(Supplied information)

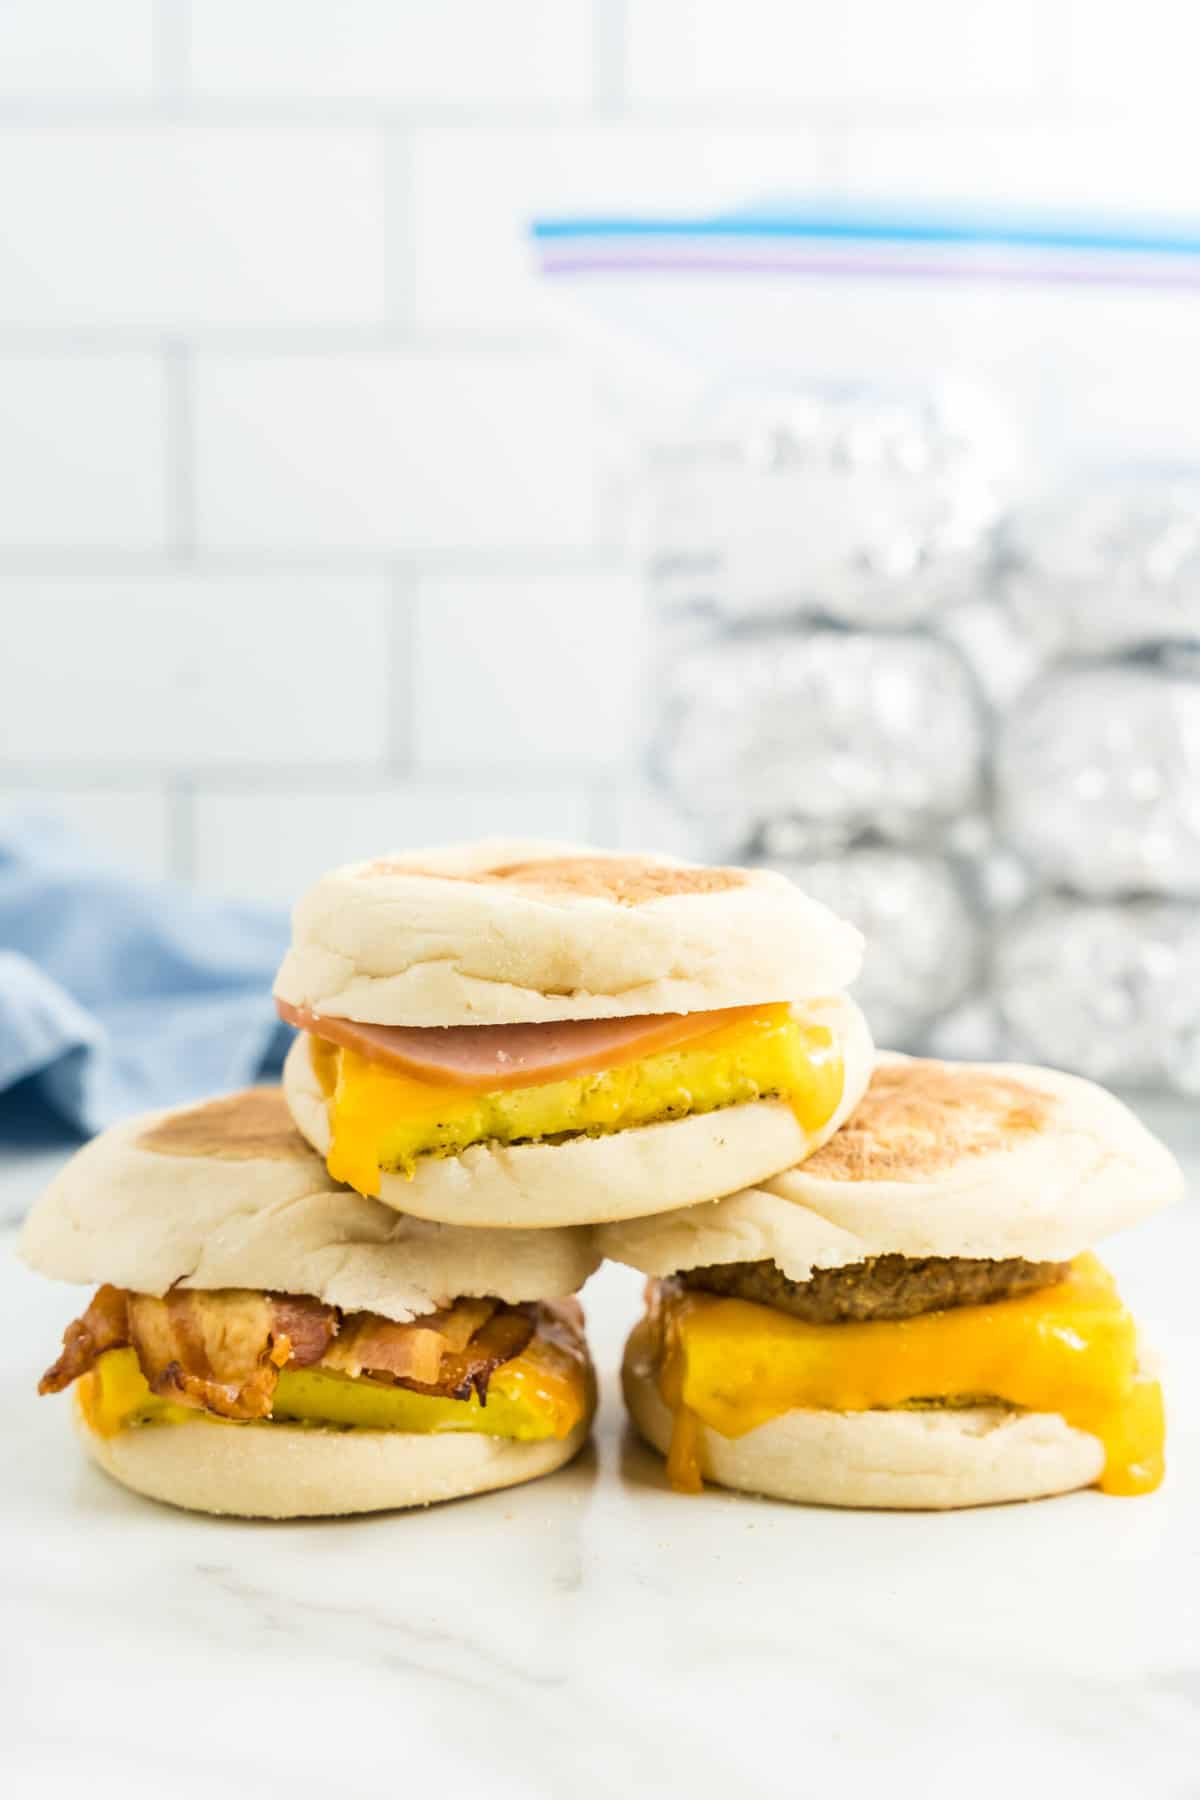 Freezer Breakfast Sandwiches with a Variety of Meats Stacked with Freezer Sandwiches in Tinfoil
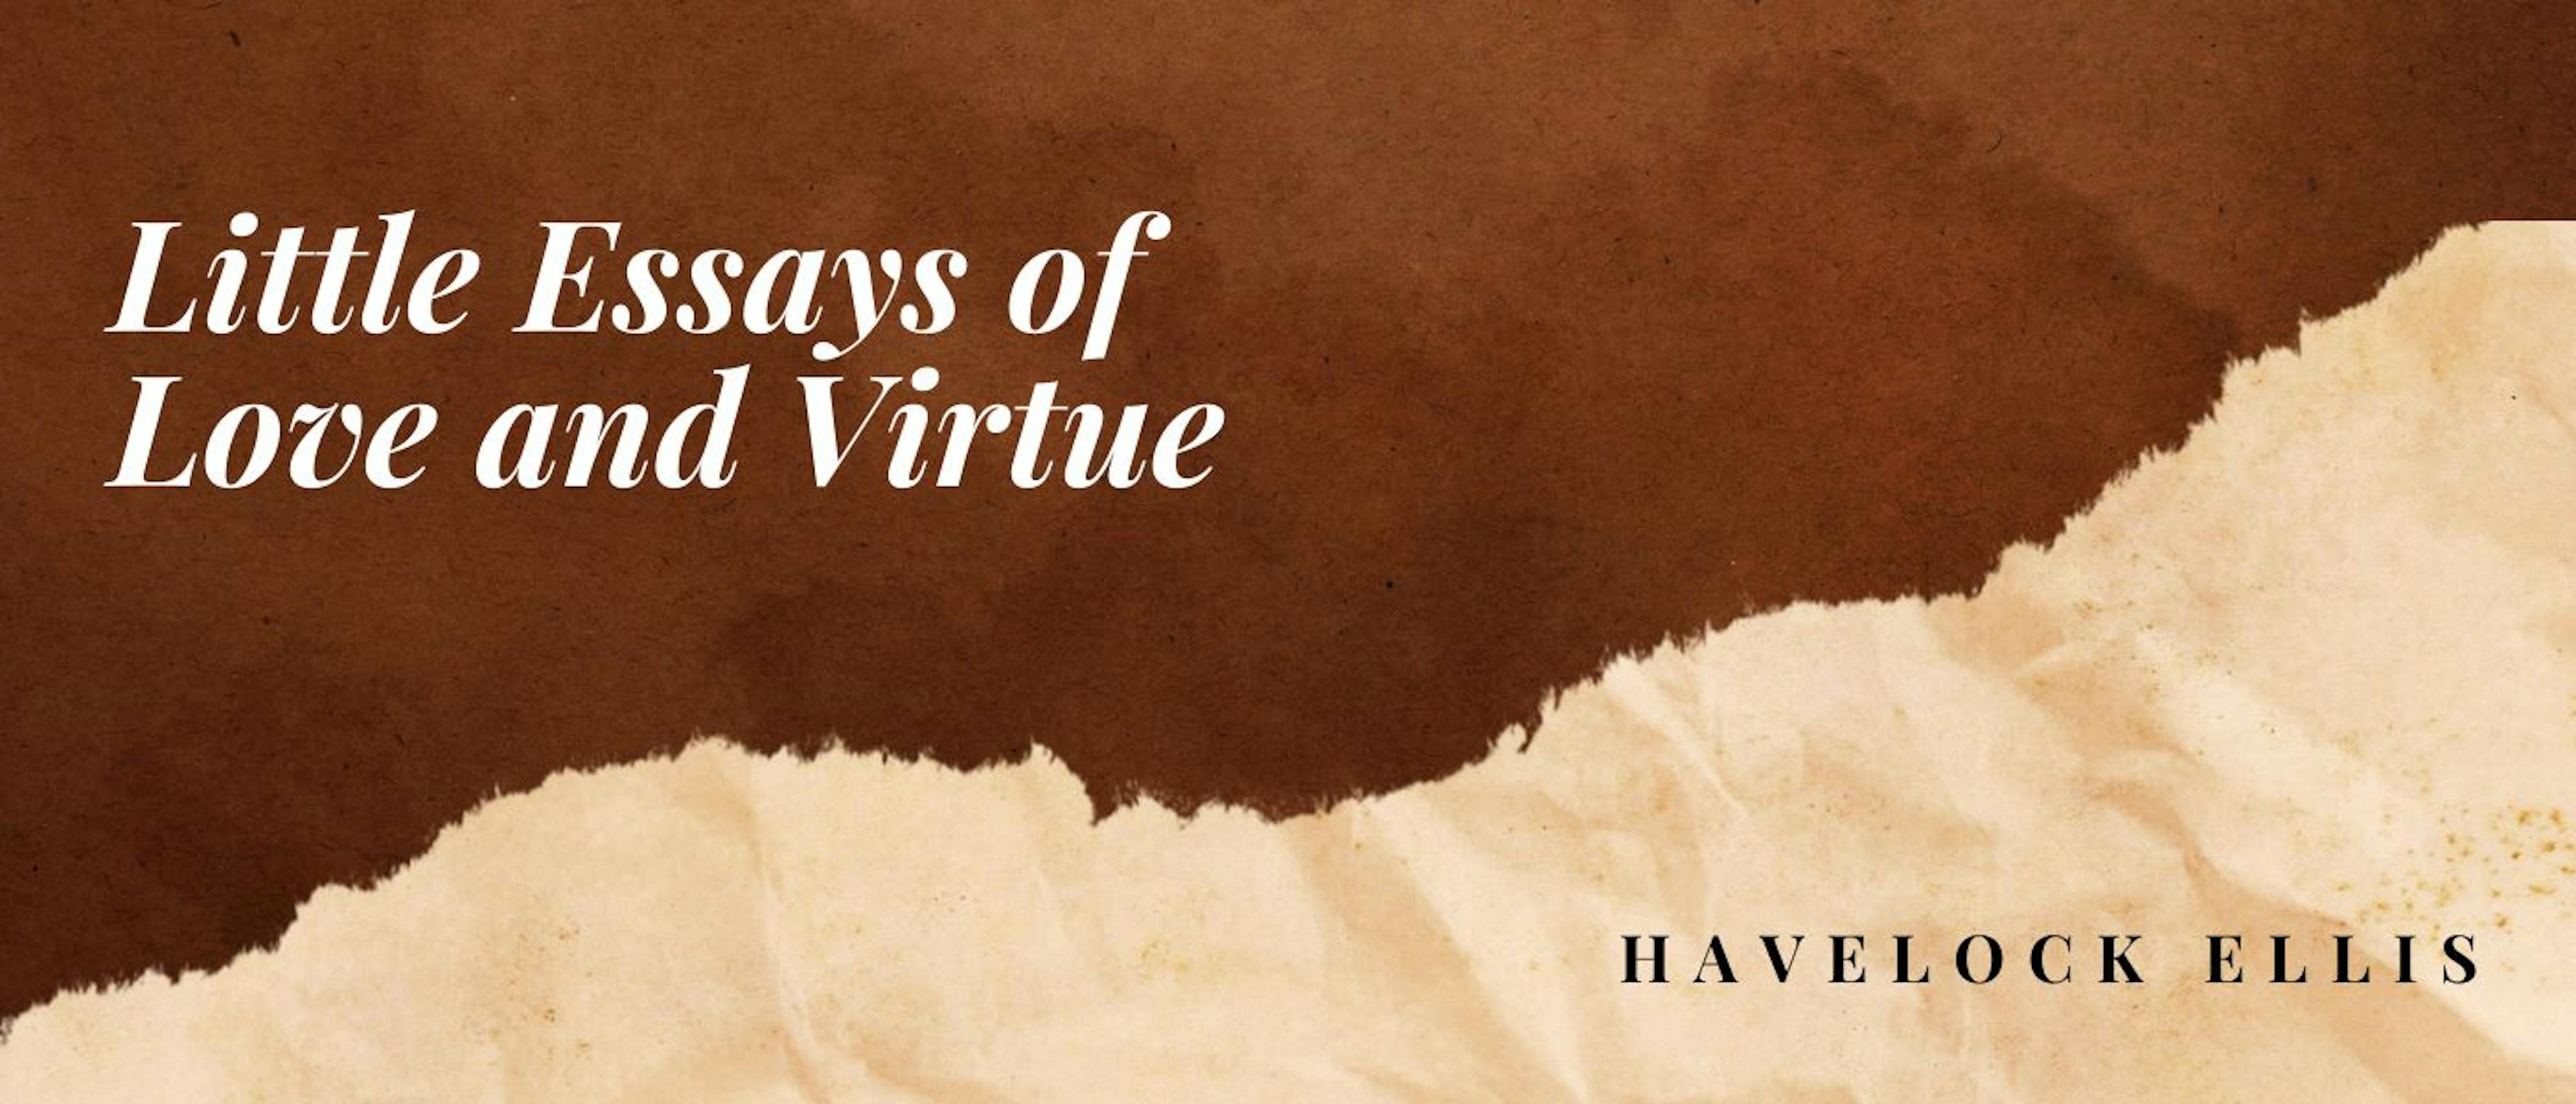 featured image - Little Essays of Love and Virtue by Havelock Ellis - Table of Links
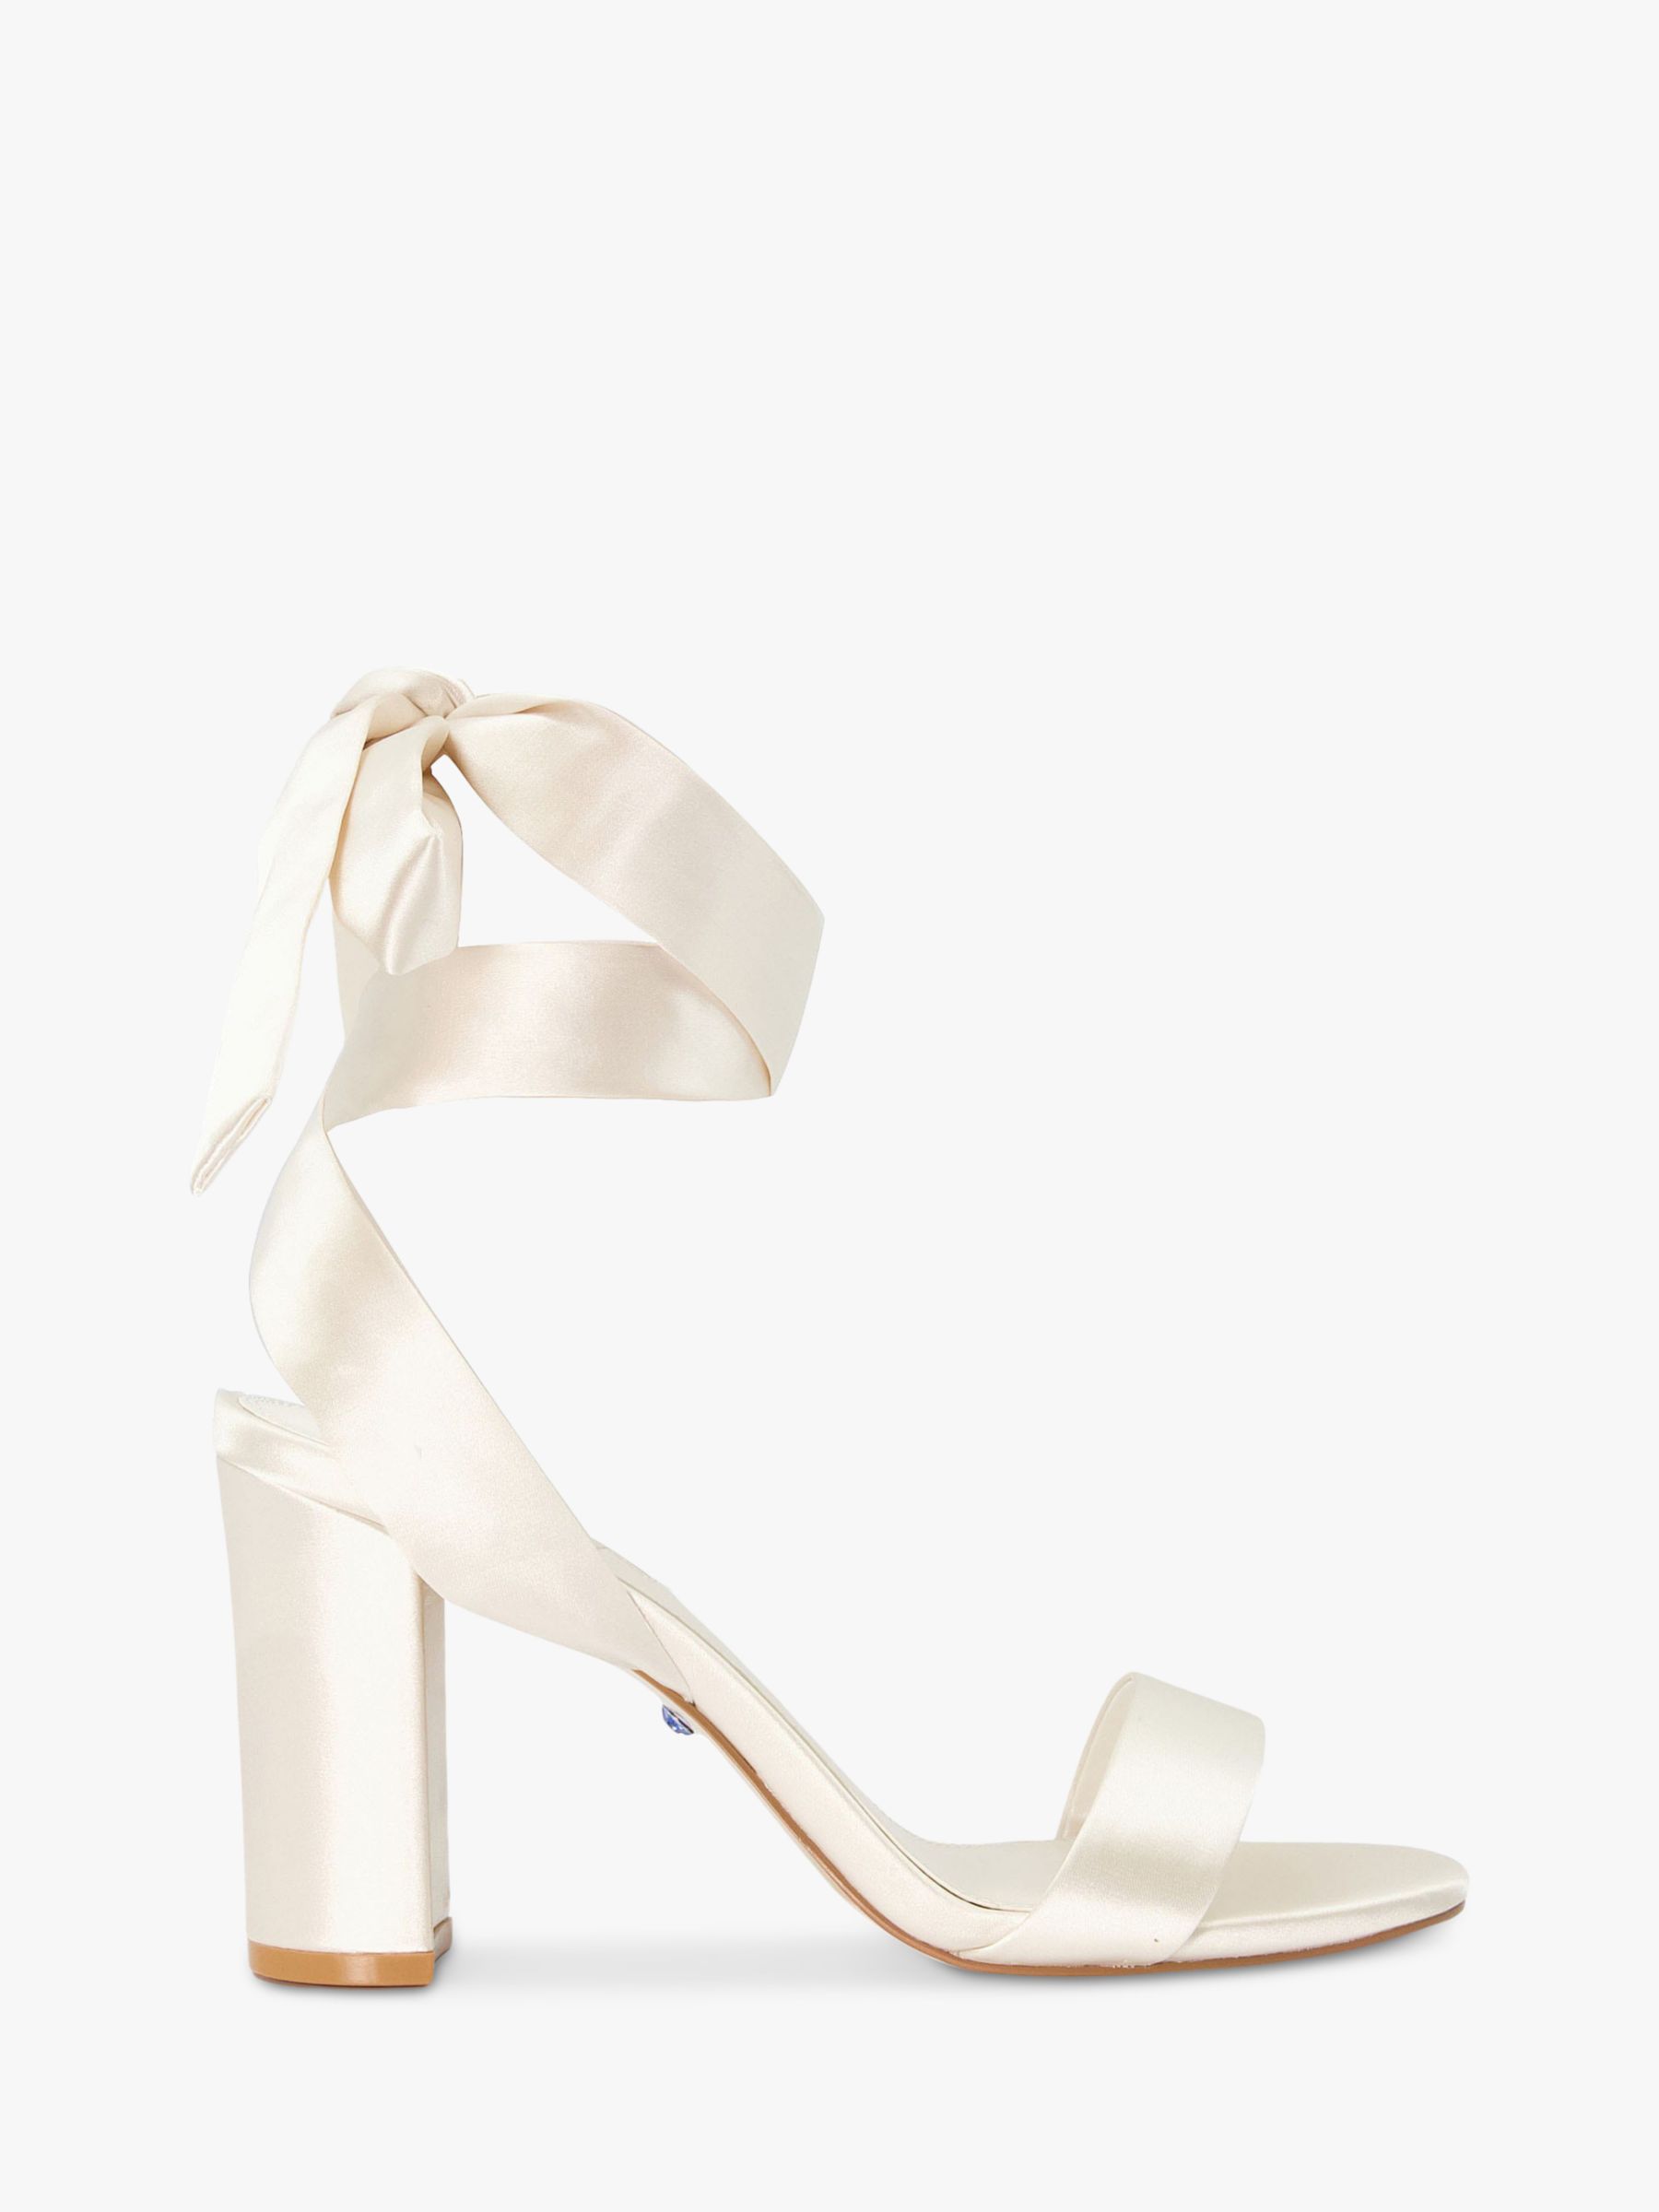 Dune Bridal Collection Marnies Ankle Tie Block Heel Satin Sandals, Ivory

(Exercise objective) Apart from the pictures, all of the data must be duplicated exactly as shown above.

(Answer box)
 Freezer Breakfast Sandwiches with a Variety of Meats Stacked with Freezer Sandwiches in Tinfoil
 featured image - Little Essays of Love and Virtue by Havelock Ellis - Table of Links
 Dune Bridal Collection Marnies Ankle Tie Block Heel Satin Sandals, Ivory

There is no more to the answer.